Lorsque l'employeur estime, au vu d'une attestation médicale ou sur le rapport des supérieurs hiérarchiques, que l'état de santé d'un ouvrier pourrait justifier qu'il lui soit fait application des dispositions des articles 18 ou 21, l'employeur peut provoquer l'examen médical de l'intéressé dans les conditions prévues aux trois derniers alinéas de l'article 24. Il informe de cette saisine le médecin chargé de la prévention qui transmet un rapport à la commission médicale réunie en formation restreinte.
Pour obtenir un congé de longue maladie ou de longue durée, l'ouvrier doit adresser à l'employeur dont il relève une demande appuyée d'un certificat d'un médecin spécifiant qu'il est susceptible de bénéficier des dispositions des articles 18 ou 21.

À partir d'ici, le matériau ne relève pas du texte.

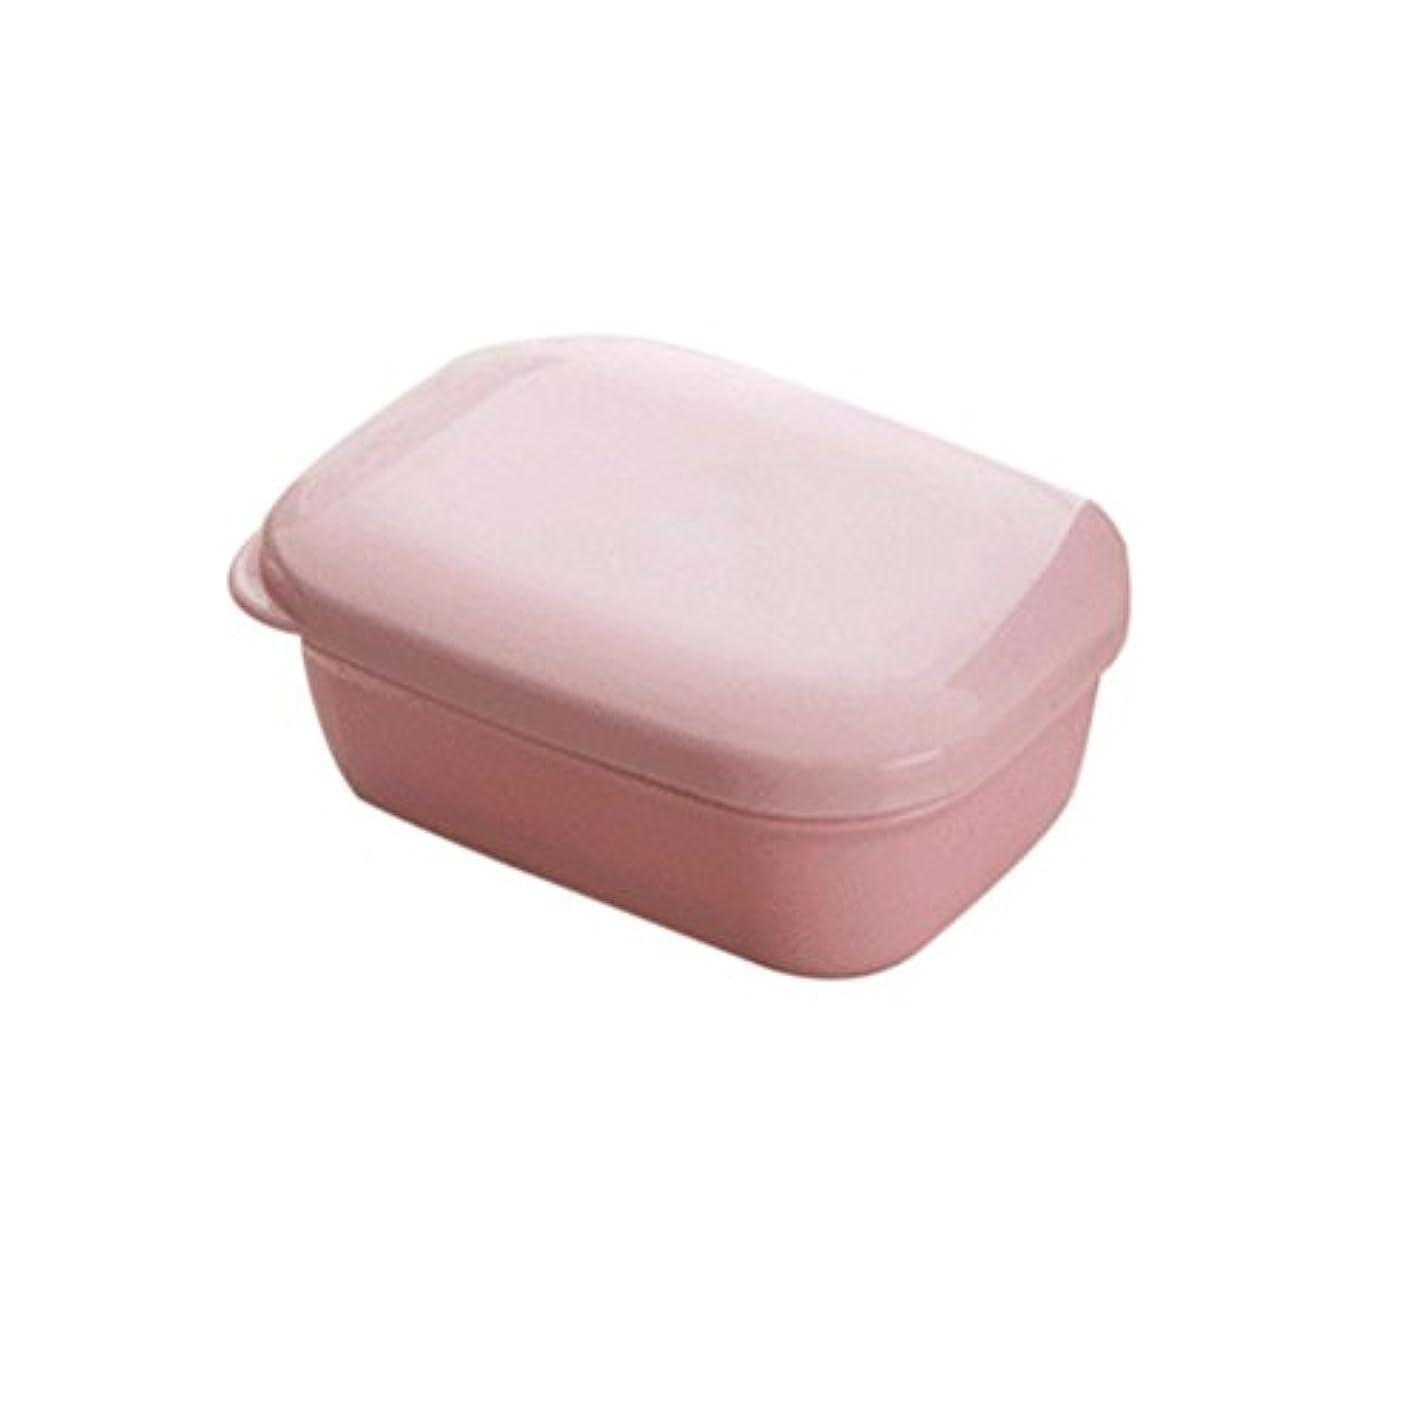 土地編集する正しいBESTOMZ 石鹸ケース 石鹸置き ソープディッシュ 旅行用 携帯 ふた付け(ピンク)

La commission médicale en formation restreinte est consultée pour avis sur l'octroi d'une première période de congé de longue maladie ou de congé de longue durée.
Le médecin de l'ouvrier adresse au président de la commission médicale un résumé succinct de ses observations et toute pièce justifiant la demande de congé.
Si la demande de congé est présentée au cours d'un congé antérieurement accordé dans les conditions prévues à l'article 14, la première période de congé de longue maladie ou de longue durée part du jour de la première constatation médicale de la maladie dont est atteint l'ouvrier.
Un congé de longue maladie ou de longue durée peut être accordé ou renouvelé pour une période de trois à six mois.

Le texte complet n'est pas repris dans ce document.